What is required »
What needs reproducing is the run of lines in the data below starting at the line with "This is an exquisite" and ending at the line with "This rare complete", both ends included. Copy it exactly, without pictures, and add nothing.

Data records »
☆ ☆ ☆ ☆ ☆ ☆ ☆

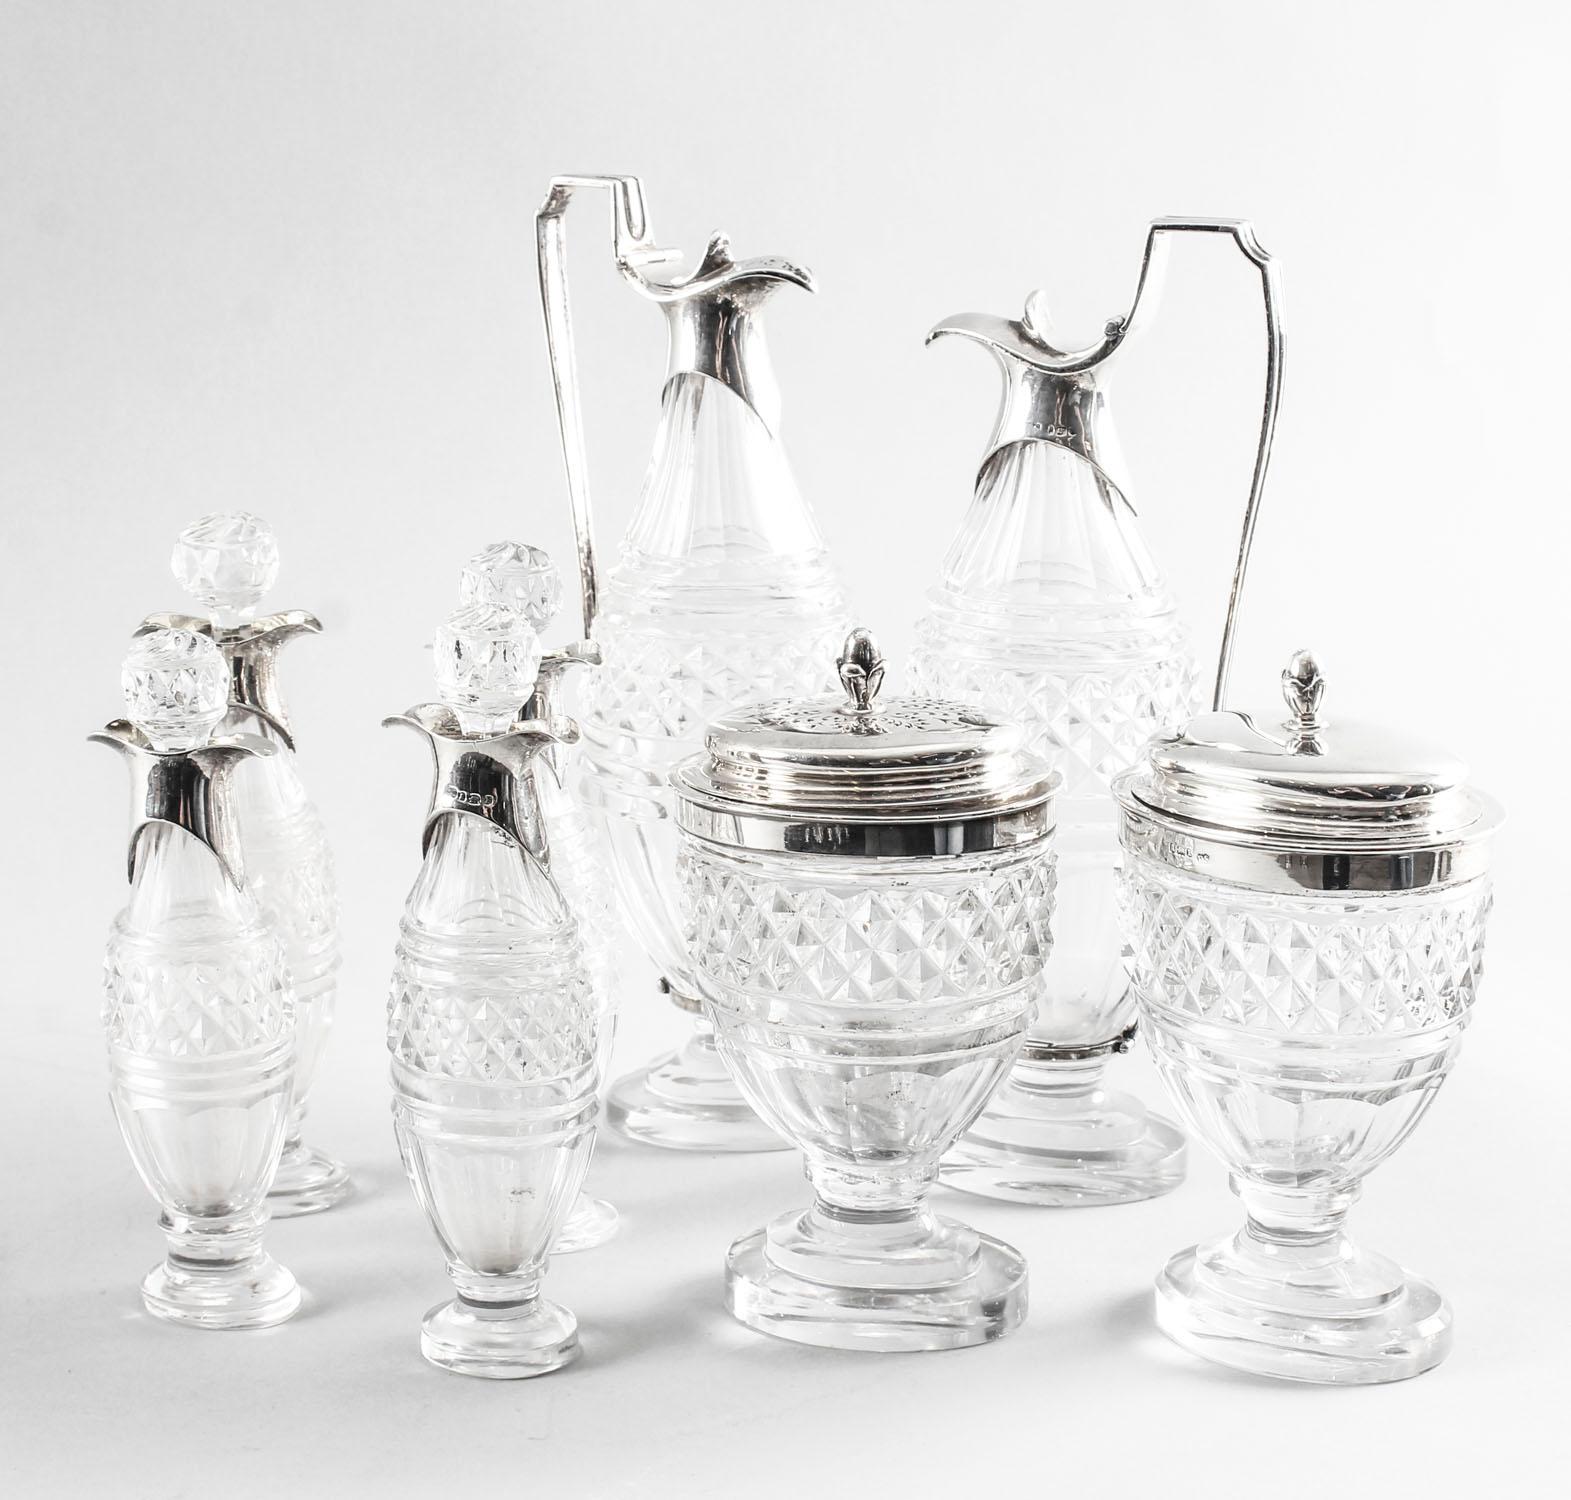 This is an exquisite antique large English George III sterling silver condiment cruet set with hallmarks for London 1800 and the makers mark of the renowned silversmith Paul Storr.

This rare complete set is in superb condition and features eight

☆ ☆ ☆ ☆ ☆ ☆ ☆

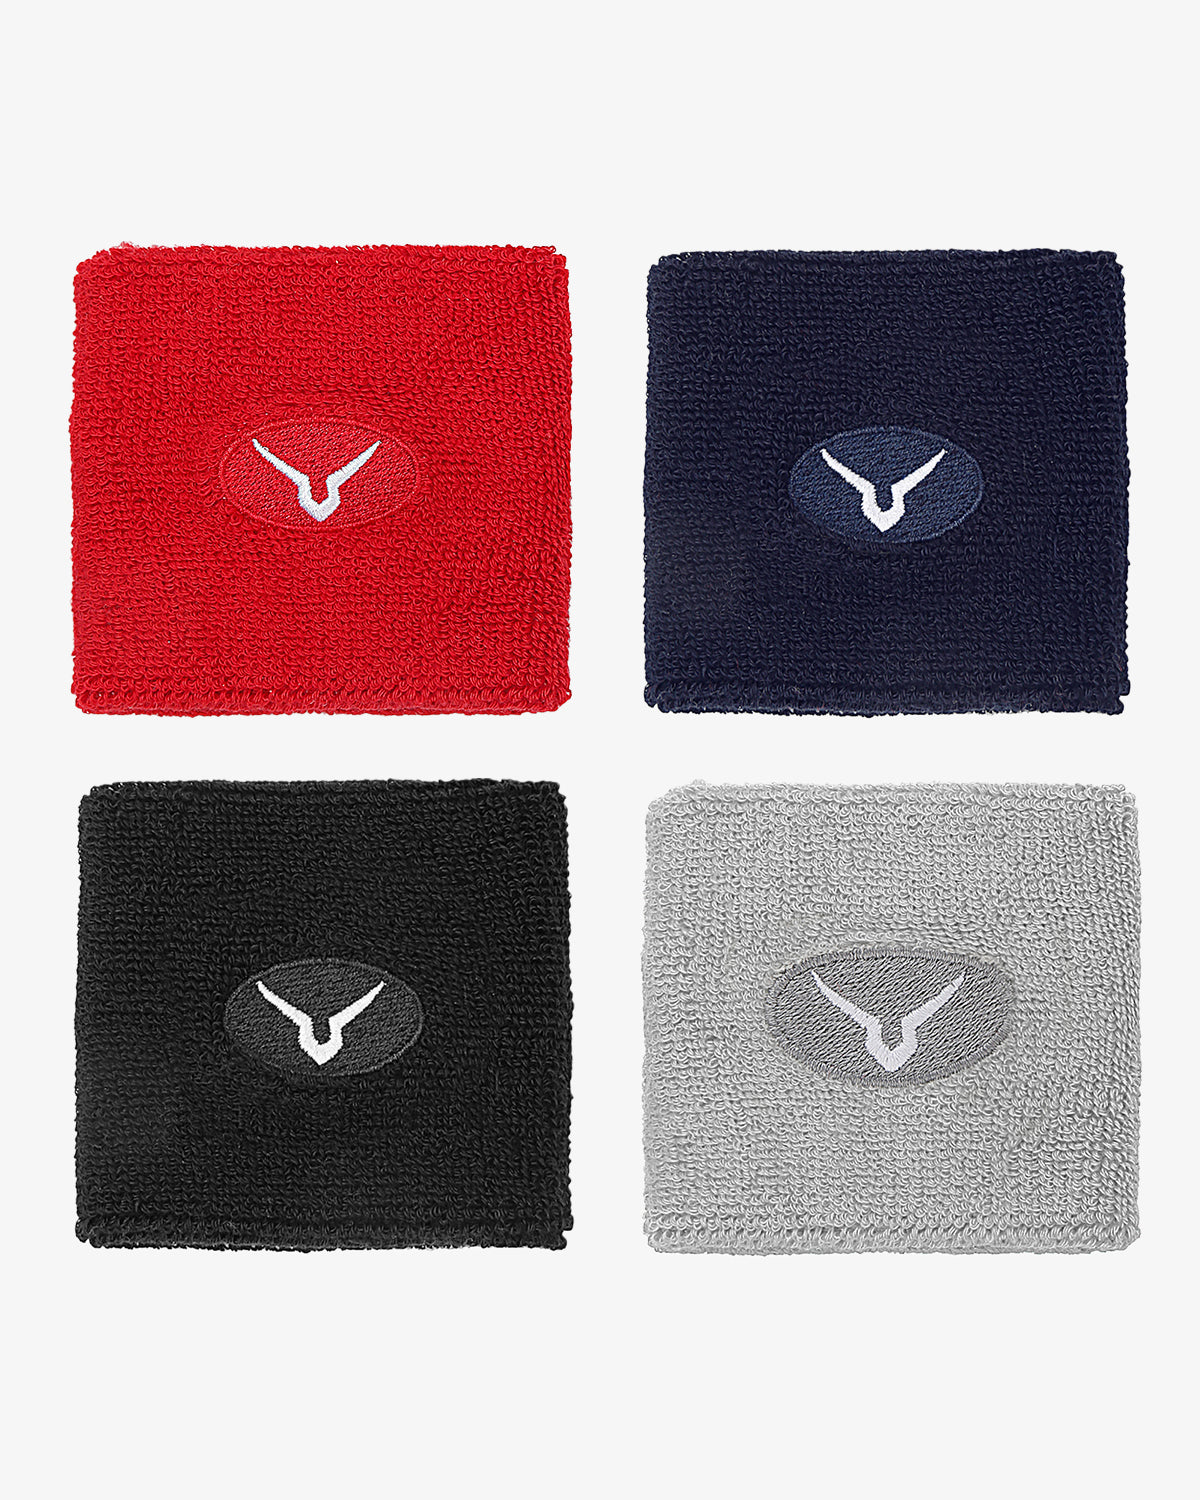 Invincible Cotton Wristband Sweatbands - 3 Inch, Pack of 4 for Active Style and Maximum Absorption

☆ ☆ ☆ ☆ ☆ ☆ ☆

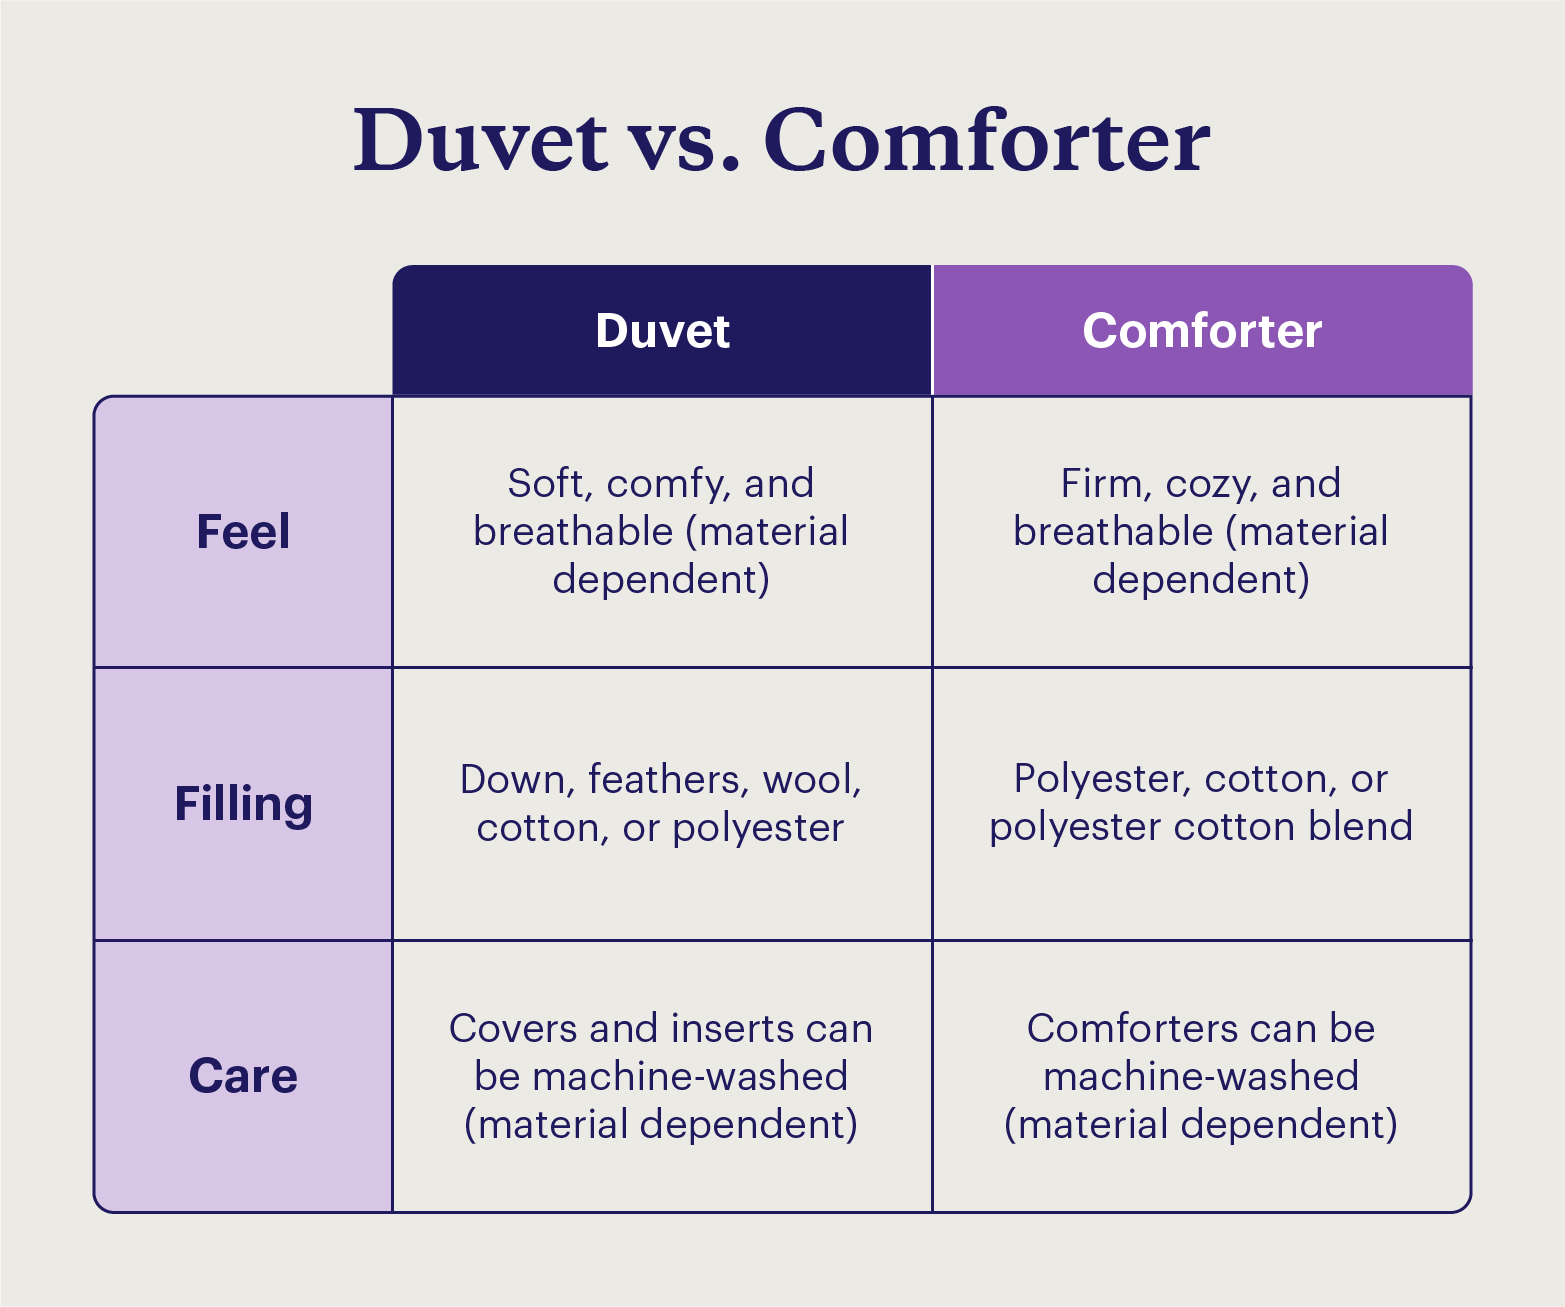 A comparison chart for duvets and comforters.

☆ ☆ ☆ ☆ ☆ ☆ ☆

Written answer »
 This is an exquisite antique large English George III sterling silver condiment cruet set with hallmarks for London 1800 and the makers mark of the renowned silversmith Paul Storr.

This rare complete set is in superb condition and features eight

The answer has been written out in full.